The Khodorkovskii case has raised serious concern in the West about Putin's commitment to democratic values.

Ponomarev says he hopes Western countries will not balk at denouncing Khodorkovskii's transfer to a Siberian prison.

"It's revenge on the part of the authorities, of the Kremlin, and of [Russian President Vladimir] Putin personally," activist Lev Ponomarev said. "It violates Russian law because relatives cannot visit them [Khodorkovskii and fellow defendant Platon Lebedev]. Our country is headed by small-minded, vindictive people. Mere revenge -- that's the only motive."

"I think leaders of Western countries have a duty to react to this," he said. "I am very much hoping that the Western world will react to this, will force our leaders to adhere to their own laws in this particular case."

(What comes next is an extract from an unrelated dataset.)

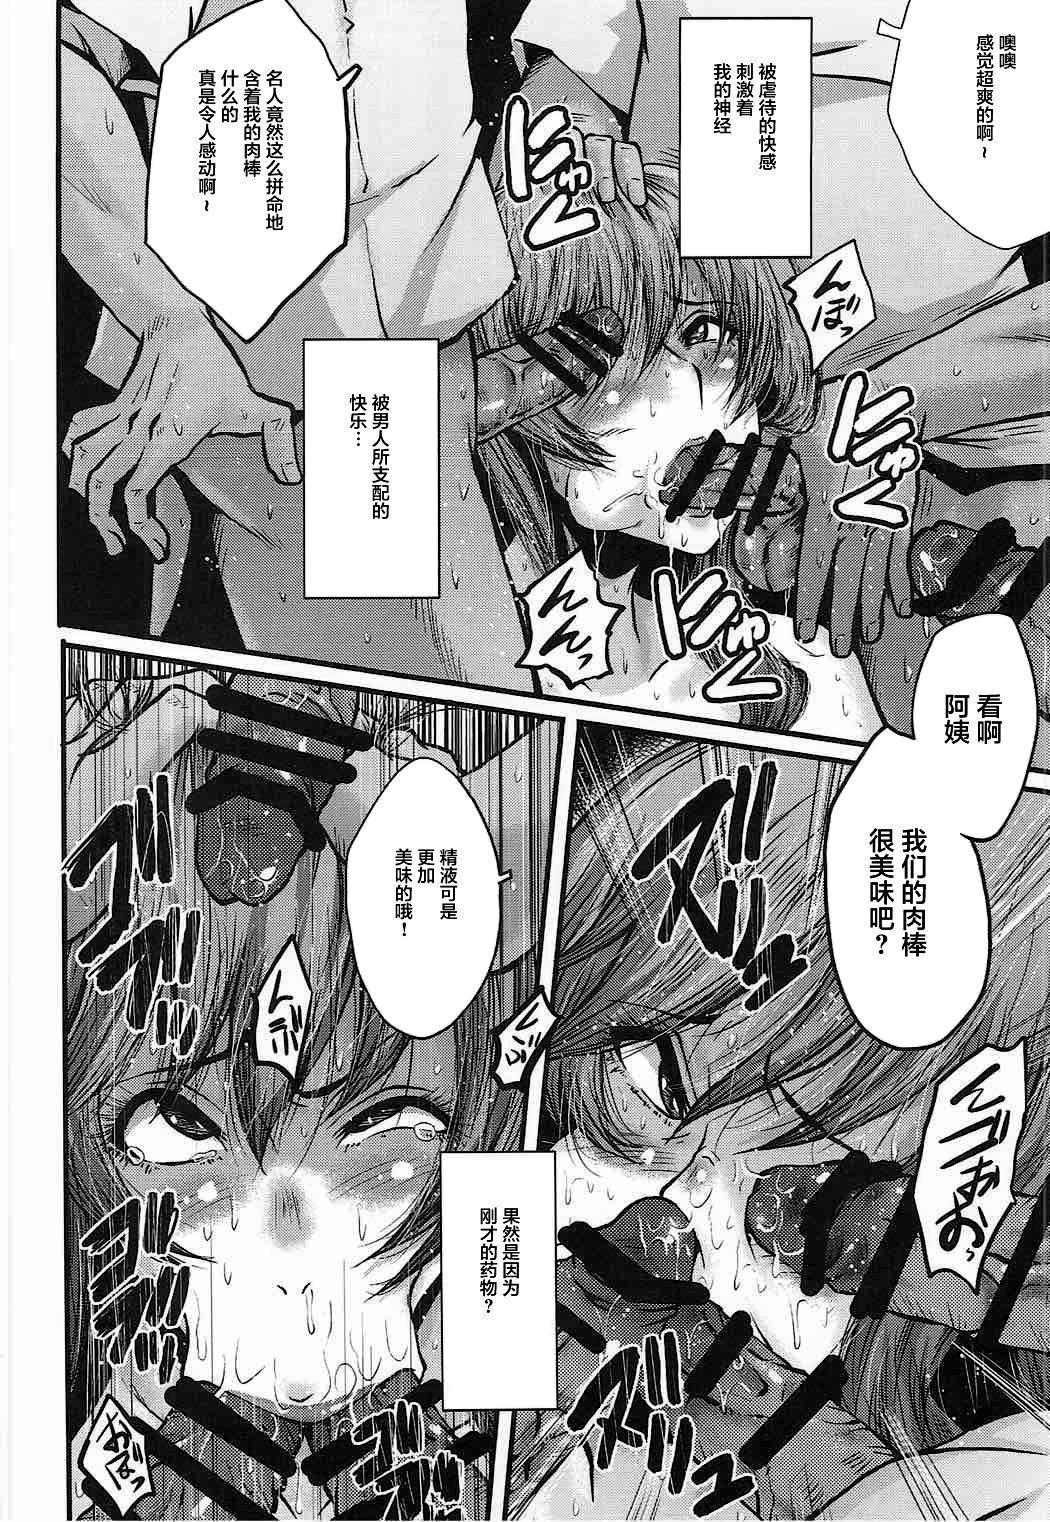 Urabambi Vol. 55 Yuukan Madam no Shiroi Niku 10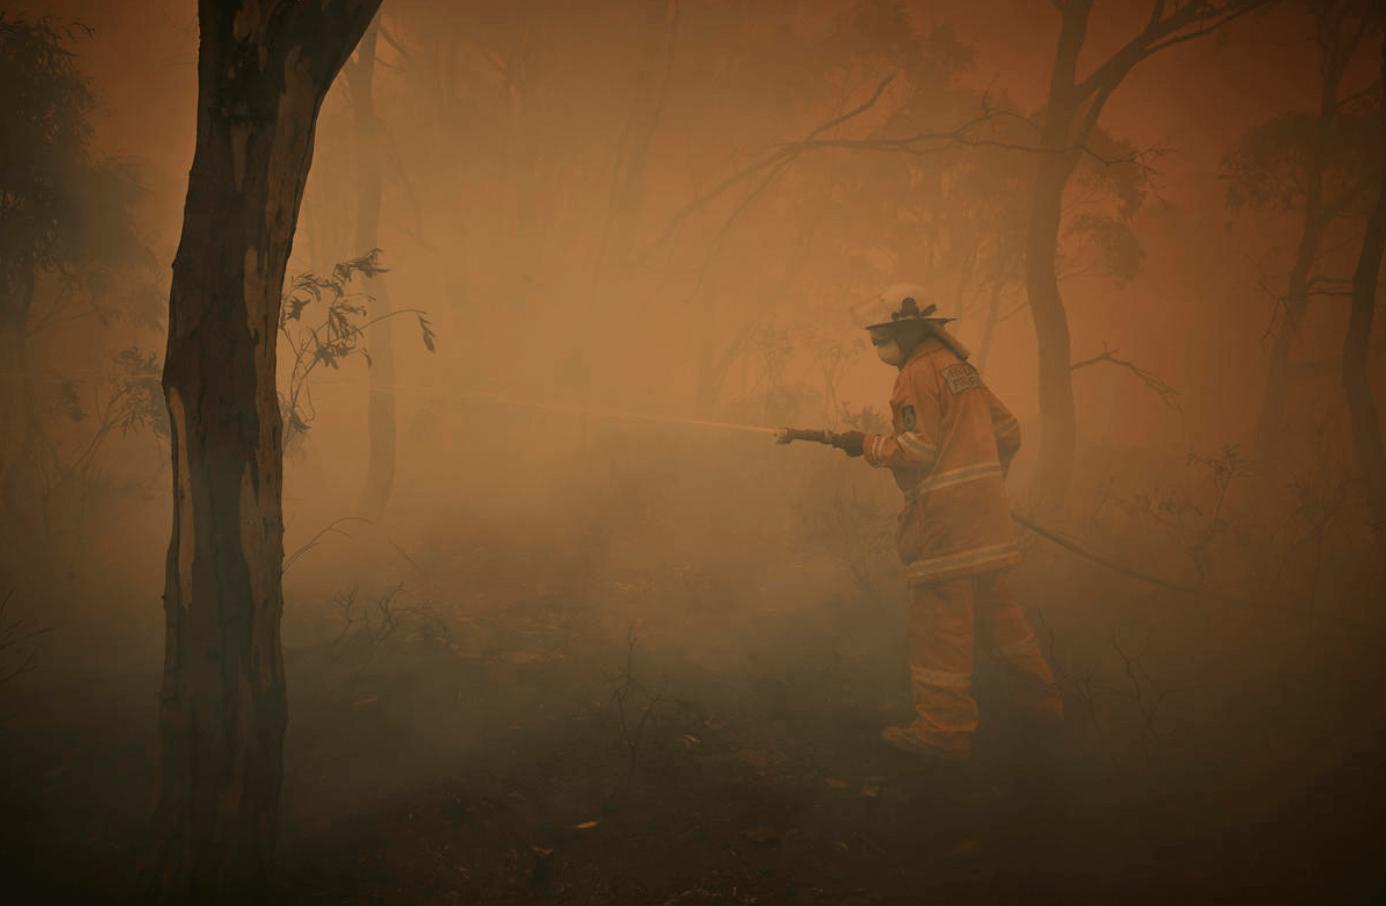 Tony Weston (62), vrijwilliger bij de plattelandsbrandweer, blust bomen die in brand staan aan de rand van het kleine dorpje Numeralla in New South Wales.

Anton Drel, one of Khodorkovskii's defense team, said his client has already consulted a local attorney.

"A lawyer called from the city of Krasnokamesnk in the Chita region and informed us that he had met with Mikhail Khodorkovskii, that the quarantine was over," Drel said. "I think his Moscow lawyers will be able to visit him in the course of next week."

Khodorkovskii has another six years to serve, having already spent two years in a Moscow pretrial detention center.

The camp where he is due to serve his term is reported to have a population of about 1,000 inmates, most of them convicted of fraud or theft.

When the prison opened in the 1960s, inmates initially helped build a large uranium-processing plant. Today, the camp manufactures only textiles, but the region remains heavily contaminated with radioactive waste.

Lebedev, Khodorkovskii's associate who has been handed an identical sentence, has ended up in a prison in the Yamalo-Nenets Autonomous Okrug, beyond the Arctic circle.